In four places in Scripture mention is made of a month of days, the word for month being in two cases chodesh, and in two, yerach. Jacob, when he came to Padan-aram, abode with Laban for "the space of a month," before his crafty uncle broached the subject of his wages. This may either merely mean full thirty days, or the term chodesh may possibly have a special appropriateness, as Laban may have dated Jacob's service so as to commence from the second new moon after his arrival. Again, when the people lusted for flesh in the wilderness, saying, "Who shall give us flesh to eat?" the Lord promised to send them flesh—
"And ye shall eat. Ye shall not eat one day, nor two days, nor five days, neither ten days, nor twenty days, but even a whole month. . . . And there went forth a wind from the Lord, and brought quails from the sea."
"He rained flesh also upon them as dust, And feathered fowls like as the sand of the sea."

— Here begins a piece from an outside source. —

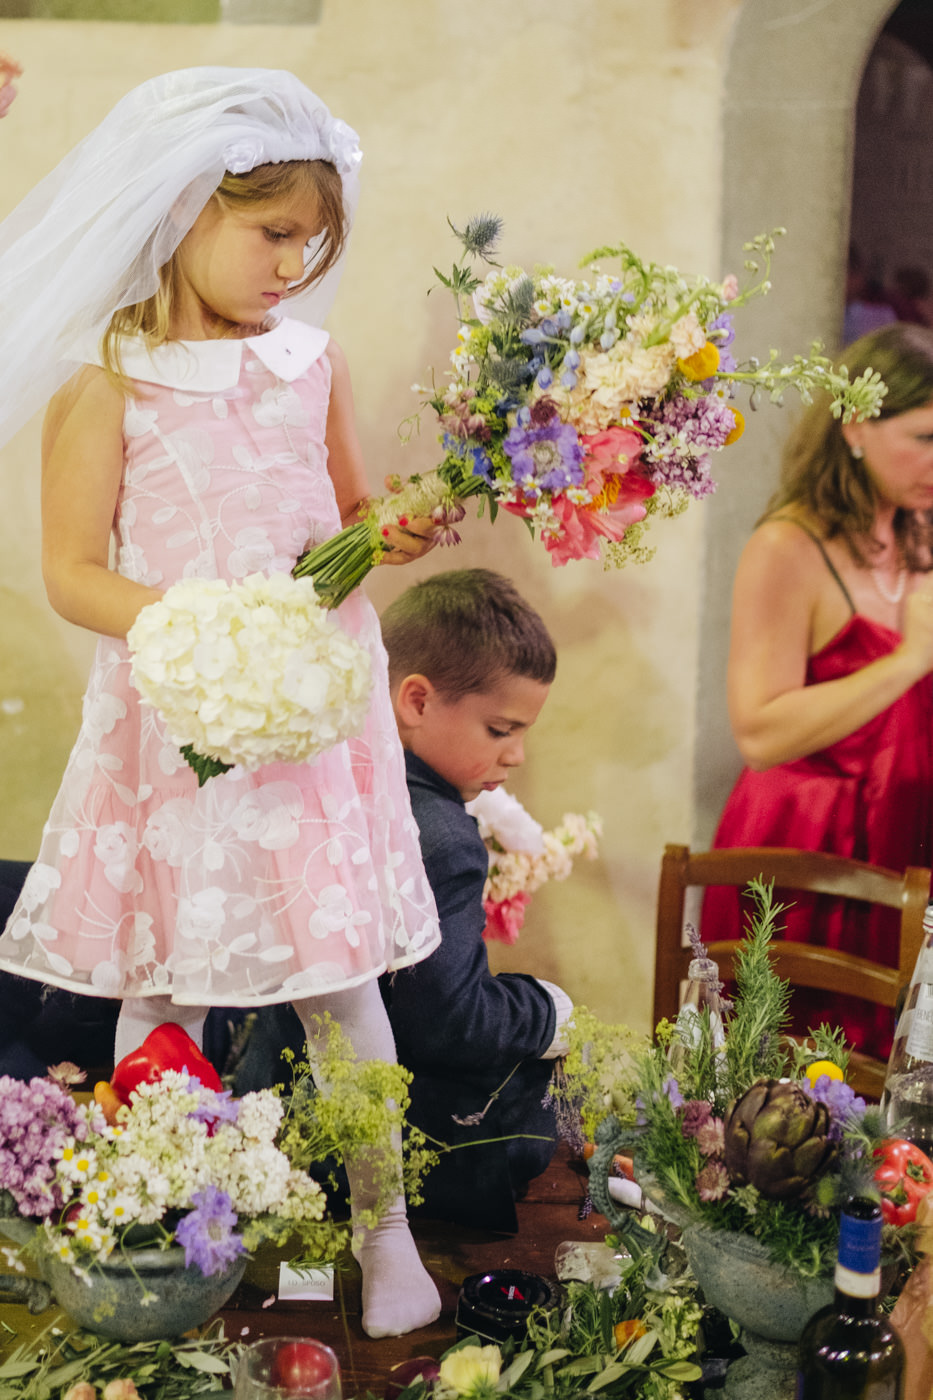 matrimoni_all_italiana_fotografo_matrimonio_toscana-81.jpg

The "whole month" in this case was evidently a full period of thirty days, irrespective of the particular phase of the moon when it began and ended.
Amongst the Babylonians the sign for the word month was xxx, expressing the usual number of days that it contained, and without doubt amongst the Hebrews that was the number of days originally assigned to the month, except when the interval between two actually observed new moons was found to be twenty-nine. In later times it was learned that the length for the lunation lay between twenty-nine and thirty days, and that these lengths for the month must be alternate as a general rule. But in early times, if a long spell of bad weather prevented direct observation of the new moon, we cannot suppose that anything less than thirty days would be assigned to each month.
Such a long spell of bad observing weather did certainly occur on one occasion in the very early days of astronomy, and we accordingly find that such was the number of days allotted to several consecutive months, though the historian was evidently in the habit of observing the new moon, for chodesh is the word used to express these months of thirty days.
We are told that—
"In the six hundreth year of Noah's life, in the second month, the seventeenth day of the month, the same day were all the fountains of the great deep broken up, and the windows of heaven were opened."
And later that—
"After the end of the hundred and fifty days the waters were abated. And the ark rested in the seventh month, on the seventeenth day of the month, upon the mountains of Ararat."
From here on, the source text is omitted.